American Rodelers Association
Pearl River, N.Y.

"Some Win and Some Luge," a phrase coined by SPORTS ILLUSTRATED before the 1976 Winter Olympics, once again applies. Our lugers continue to work hard, and thus have more expertise than before, but they are getting little or no assistance from U.S. sports officials or administrators. One could easily conclude that foreign nations must be running our efforts. We are giving away any chances we have for medals, not just for 1980 but for two or three Olympics to come.
Columbus, Ohio

SI earns an A for its recognition of the controversy over major athletics vs. academics on the William and Mary campus (SCORECARD, March 5). Many of us in Williamsburg have been trying for some time to find the answer to the question: For whose benefit is college football being played? If most of the students and faculty and a large segment of the local community reject the idea of an enlarged football stadium, then who is the intended beneficiary of stadium expansion? The Board of Visitors of the college has made its decision to expand the stadium largely on projections of increased revenues and more attractive home games. I doubt that there are many successful businesses that base significant decisions on such limited, and potentially biased, input. (Incidentally, William and Mary's faculty are certainly concerned about their salaries; however, they are not naive enough to assume that the money for the stadium expansion would end up in their pockets if the plan were scrapped.)

Granted, academic excellence and successful athletic programs need not be mutually exclusive. However, once the commitment to big-time athletics is made, the pressure is on. For institutions the size of William and Mary (approximately 4,500 undergraduates), you cannot have it both ways. Sooner or later revisions in academic requirements or admissions standards will be proposed to protect the athletic commitment. Stanford and Michigan are excellent institutions, but hardly a fair comparison in this case.
Faculty Representative for Athletics
College of William and Mary
Williamsburg, Va.

Let's see now.

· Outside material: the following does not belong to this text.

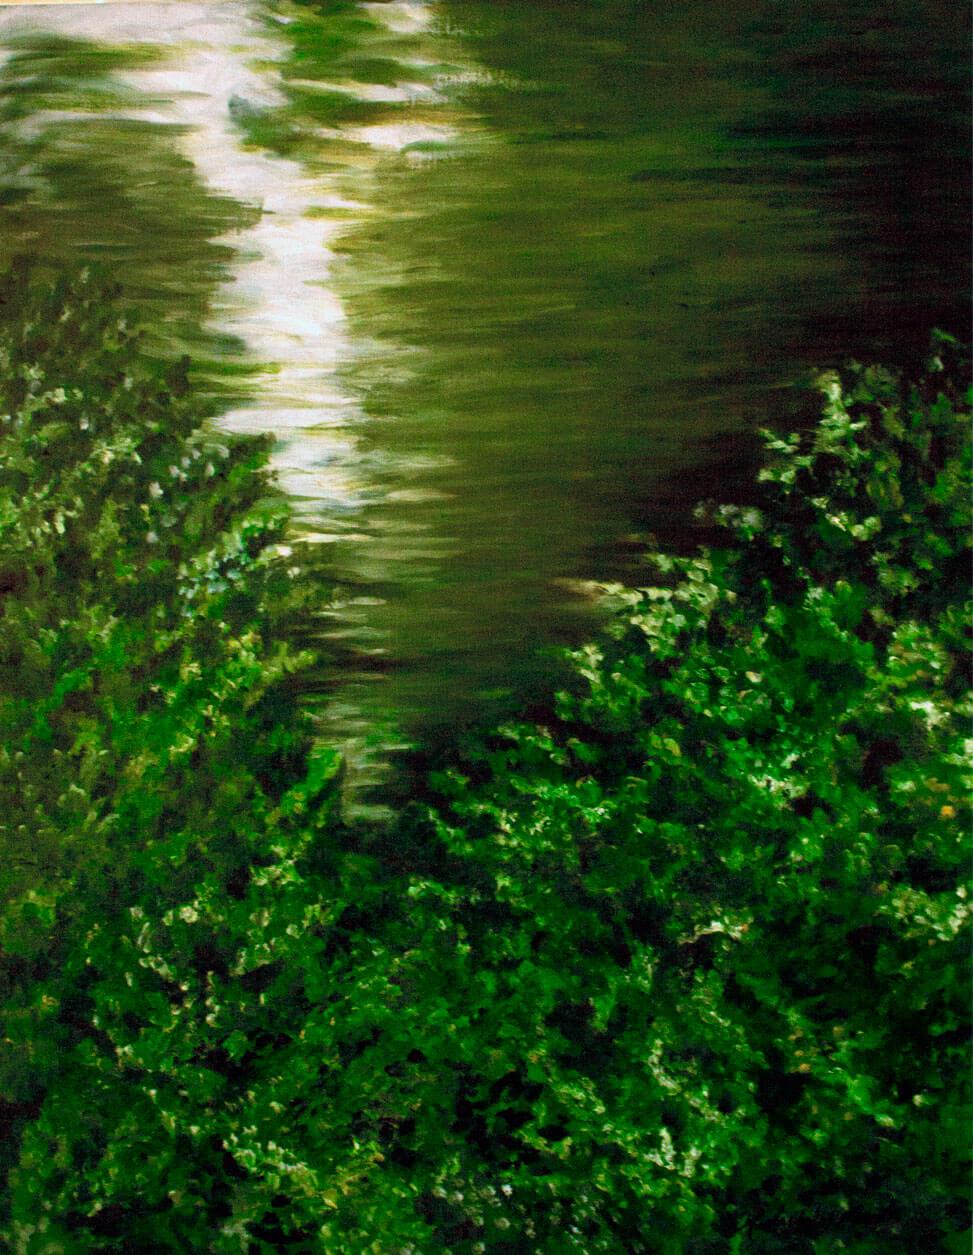 Landscapes, oil on linen, 95 x 70 cm., 2015.

Three thousand of William and Mary's 4,500 students stood up for academics vs. athletics by boycotting a day's classes? Hmmm.
Johnstown, Pa.

In SCORECARD (March 5), you said, "In Philip Roth's 1959 novel Goodbye, Columbus, Ron Patimkin splashed up to his sister Brenda in a swimming pool and said excitedly. The Yankees took two.' " As a fervent fan of the Boston Red Sox, let me assure you that Patimkin's comment was that the Red Sox had won both ends of a doubleheader, not the Yankees. Being a Boston fan and living in New York is difficult enough. Please don't add to last season's frustrations.
Woodmere, N. Y.

?Sorry, but in his book, Roth did have the Yankees winning the doubleheader, as SI reported. However, Roth did not write the screenplay for the movie Goodbye, Columbus, which was released a decade later and which reader Rosen may have seen. Arnold Schulman wrote it, and he had Patimkin exclaim that the Red Sox had won. The reason, says Schulman, is that at the time he was updating the story (1968) the Red Sox, with Carl Yastrzemski, seemed to be the team most comparable to the Joe DiMaggio-led Yankees of Roth's book.—ED.